Одним из аргументов в пользу своей теории Платон считал то, что теория эта, как ему казалось, объясняла крайне загадочное в глазах большинства людей явление специфической художественной одаренности. Если, как думает Платон, источник творчества вне интеллекта художника, а само творчество лишь род алогической одержимости, то причин, по которым один художник оказывается мастером в одном виде искусства, а другой — в другом, менее всего приходится искать в каких-то особых качествах одаренности, фантазии, чувства, ума или в воспитании всех этих качеств. Человека делает художником не обучение, не воля к совершенствованию или к мастерству, но лишь остановившийся на нем непостижимый выбор божественной силы. Выбор этот не изменяет ни ума, ни характера человека, но лишь на время наделяет его художественной силой, и притом всегда лишь в каком-нибудь одном, строго определенном отношении. Так как поэты творят не в силу искусства, а в силу одержимости, то каждый способен хорошо творить только то, к чему его возбуждает муза: «один — дифирамбы, другой — энкомии, этот — гипорхемы, тот — эпические поэмы, иной — ямбы; во всем же прочем каждый из них слаб» (Платон, Ион, 534 С).

Подтверждением своей мысли Платон считал поэтическую судьбу Тинниха халкидца. По словам Платона, этот поэт «никогда не создал ничего достойного памяти, кроме одного лишь пеана, который все поют, — почти прекраснейшее из всех песнопений; как сам он говорит, то была просто «находка Муз». Тут, по-моему, бог яснее всего показал нам, что мы не должны сомневаться, что не человеческие эти прекрасные творения и не людям они принадлежат; они божественны и принадлежат богам, поэты же — не что иное, как толкователи воли богов, одержимые каждый тем богом, который им владеет. Чтобы доказать это, бог нарочно пропел прекраснейшую песнь устами слабейшего из поэтов» (Платон, Ион, 534 Е-А).

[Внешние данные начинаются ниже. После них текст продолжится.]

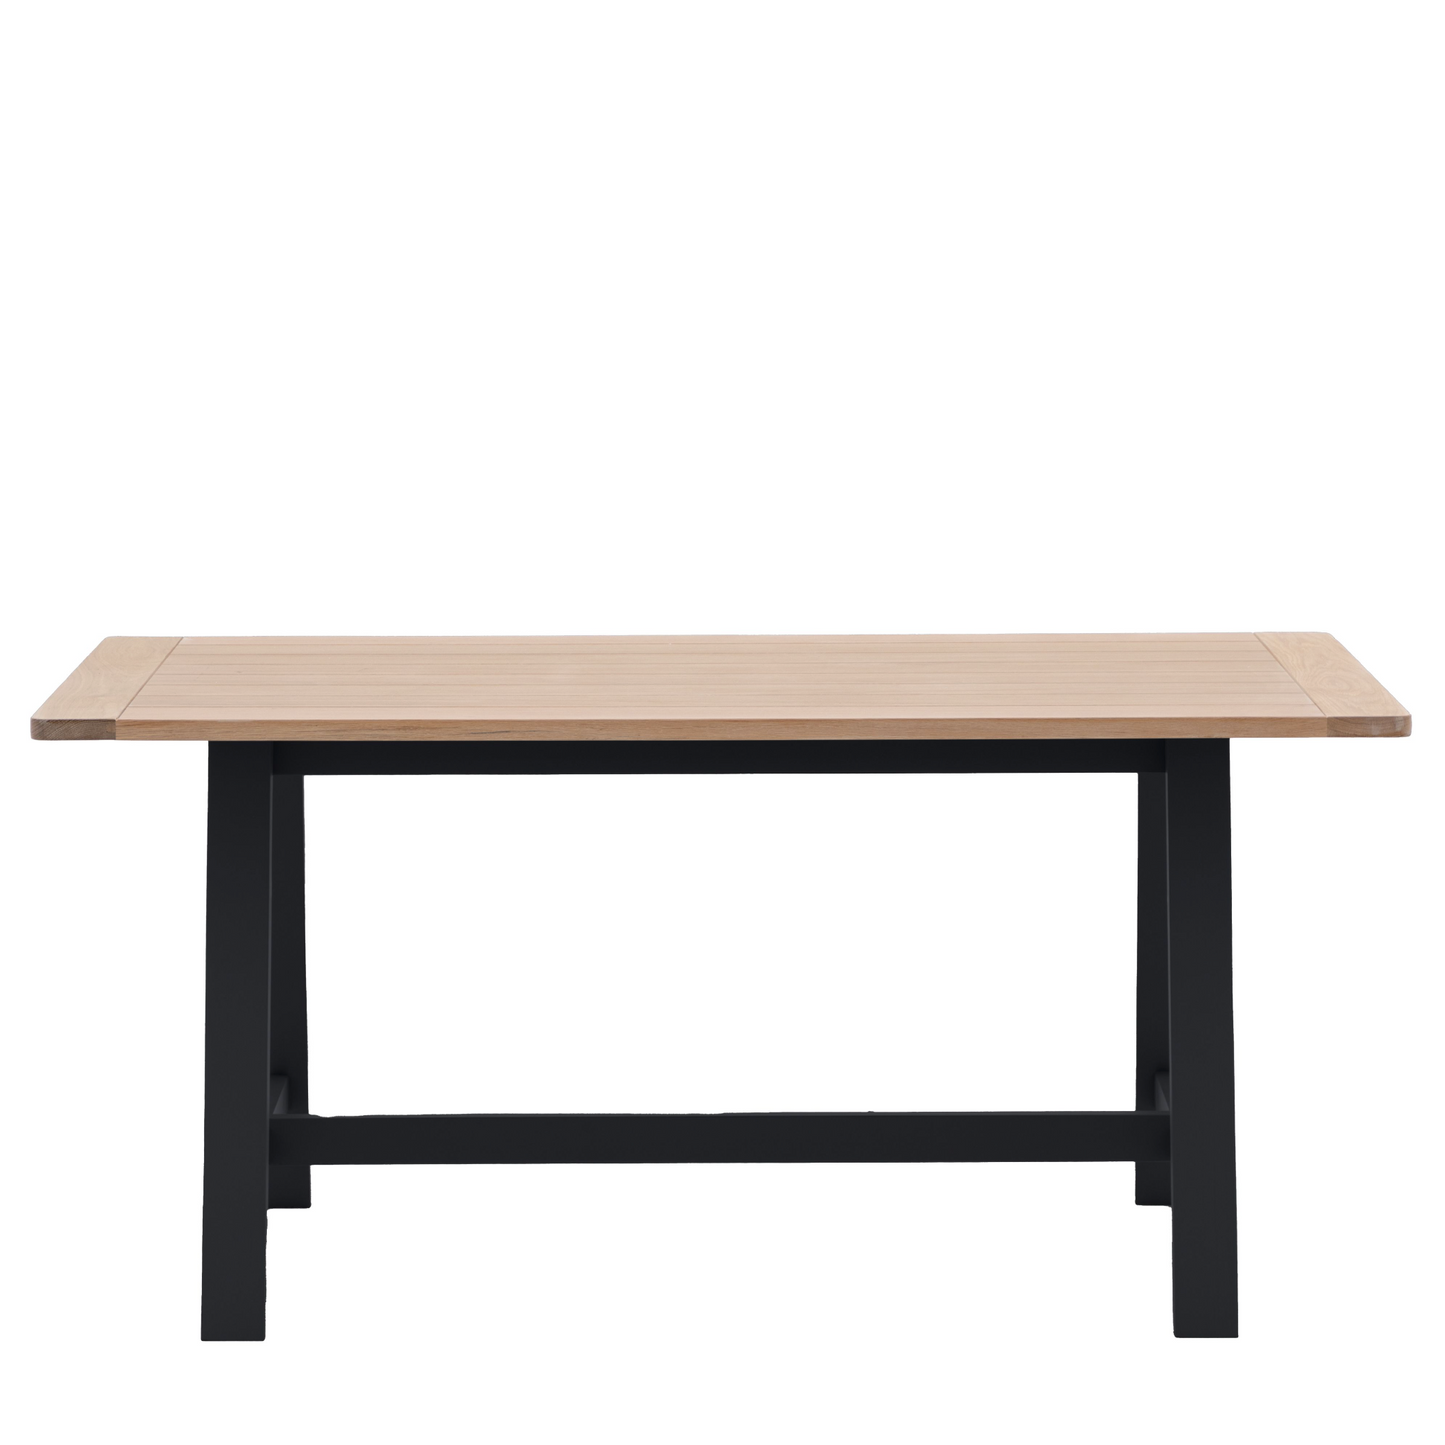 A Buckland Trestle Table 1600x800x750 in Meteor with black legs for interior decor.

В «Федре» теория одержимости ясно связывается с центральным учением платоновского идеализма — с теорией «идей». Эстетическая одержимость рассматривается здесь как путь, ведущий от несовершенств чувственного мира к совершенству истинно сущего бытия. Как полагает Платон, человек, восприимчивый к прекрасному, принадлежит к тому небольшому числу людей, которые в отличие от большинства, забывшего созерцавшийся ими некогда мир истинного бытия, хранят о нем воспоминание.

Перейти на страницу:

Все книги серии Мыслители прошлого

Похожие книги

Адмирал Советского Союза
Адмирал Советского Союза

Николай Герасимович Кузнецов – адмирал Флота Советского Союза, один из тех, кому мы обязаны победой в Великой Отечественной войне. В 1939 г., по личному указанию Сталина, 34-летний Кузнецов был назначен народным комиссаром ВМФ СССР. Во время войны он входил в Ставку Верховного Главнокомандования, оперативно и энергично руководил флотом. За свои выдающиеся заслуги Н.Г. Кузнецов получил высшее воинское звание на флоте и стал Героем Советского Союза.В своей книге Н.Г. Кузнецов рассказывает о своем боевом пути начиная от Гражданской войны в Испании до окончательного разгрома гитлеровской Германии и поражения милитаристской Японии. Оборона Ханко, Либавы, Таллина, Одессы, Севастополя, Москвы, Ленинграда, Сталинграда, крупнейшие операции флотов на Севере, Балтике и Черном море – все это есть в книге легендарного советского адмирала. Кроме того, он вспоминает о своих встречах с высшими государственными, партийными и военными руководителями СССР, рассказывает о методах и стиле работы И.В. Сталина, Г.К. Жукова и многих других известных деятелей своего времени.Воспоминания впервые выходят в полном виде, ранее они никогда не издавались под одной обложкой.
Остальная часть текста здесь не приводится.